Microsoft DirectX 8.0 (Visual Basic)

The Power of DirectX Graphics

Microsoft® Direct3D® is designed to enable world-class game and interactive three-dimensional (3-D) graphics on a computer running Microsoft Windows®. It is a drawing interface that provides device-dependent access to 3-D video-display hardware in a device-independent manner.

Direct3D is a low-level 3-D API that is ideal for developers who need to port games and other high-performance multimedia applications to the Windows operating system. Direct3D provides a device-independent way for applications to communicate with accelerator hardware at a low level.

Direct3D is a software interface that provides direct access to display devices while maintaining compatibility with the Windows graphics device interface (GDI), providing a device-independent way for games and Windows subsystem software, such as three-dimensional (3-D) graphics packages, to gain access to the features of specific display devices.

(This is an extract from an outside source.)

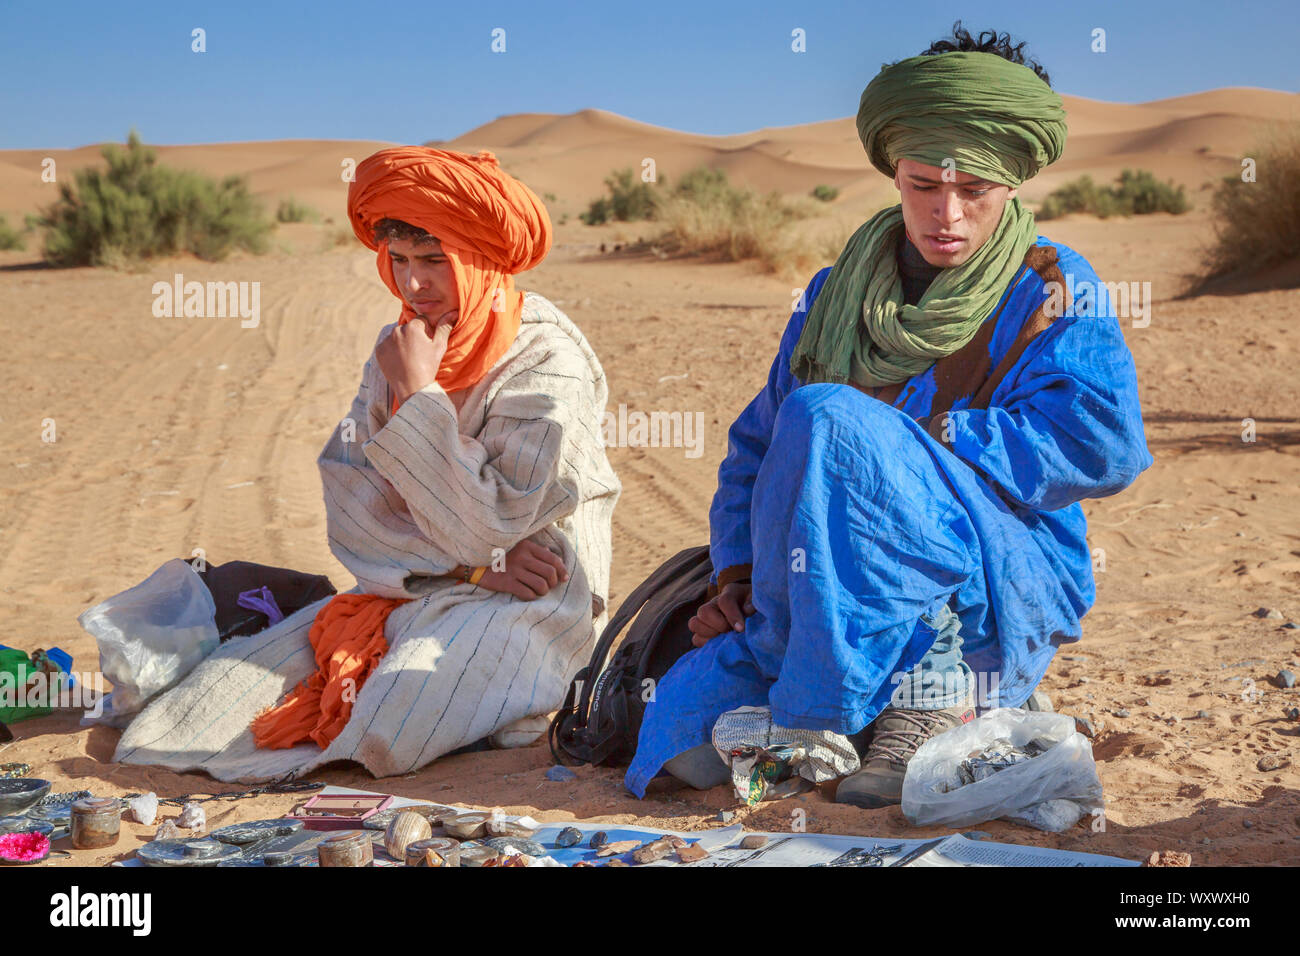 Merzouga, Morocco - February 25, 2016: Nomad souvenir vendors of the Sahara desert dressed in colorful robes and turbans, sitting on the sand under a Stock Photo

Direct3D provides excellent game graphics on computers running Windows 95 or later, or Windows 2000.

Some of the advanced features of Direct3D are:

These features combine to enable you to write applications that easily outperform standard Windows GDI-based applications and even MS-DOS applications.

The world management of Direct3D is based on vertices, polygons, and commands that control them. It enables immediate access to the transformation, lighting, and rasterization 3-D graphics pipeline. If hardware isn't present to accelerate rendering, Direct3D offers robust software emulation.

Direct3D provides simple and straightforward methods to set up and render a 3-D scene. The key set of rendering methods is referred to as DrawPrimitive methods. They enable applications to render one or more objects in a scene with a single method call. For more information about these methods, see Rendering Primitives.

Direct3D enables a low-overhead connection to 3-D hardware. This comes at a price, however. You must provide explicit calls for transformations and lighting, you must provide all the necessary matrices, and you must determine what kind of hardware is present and its capabilities.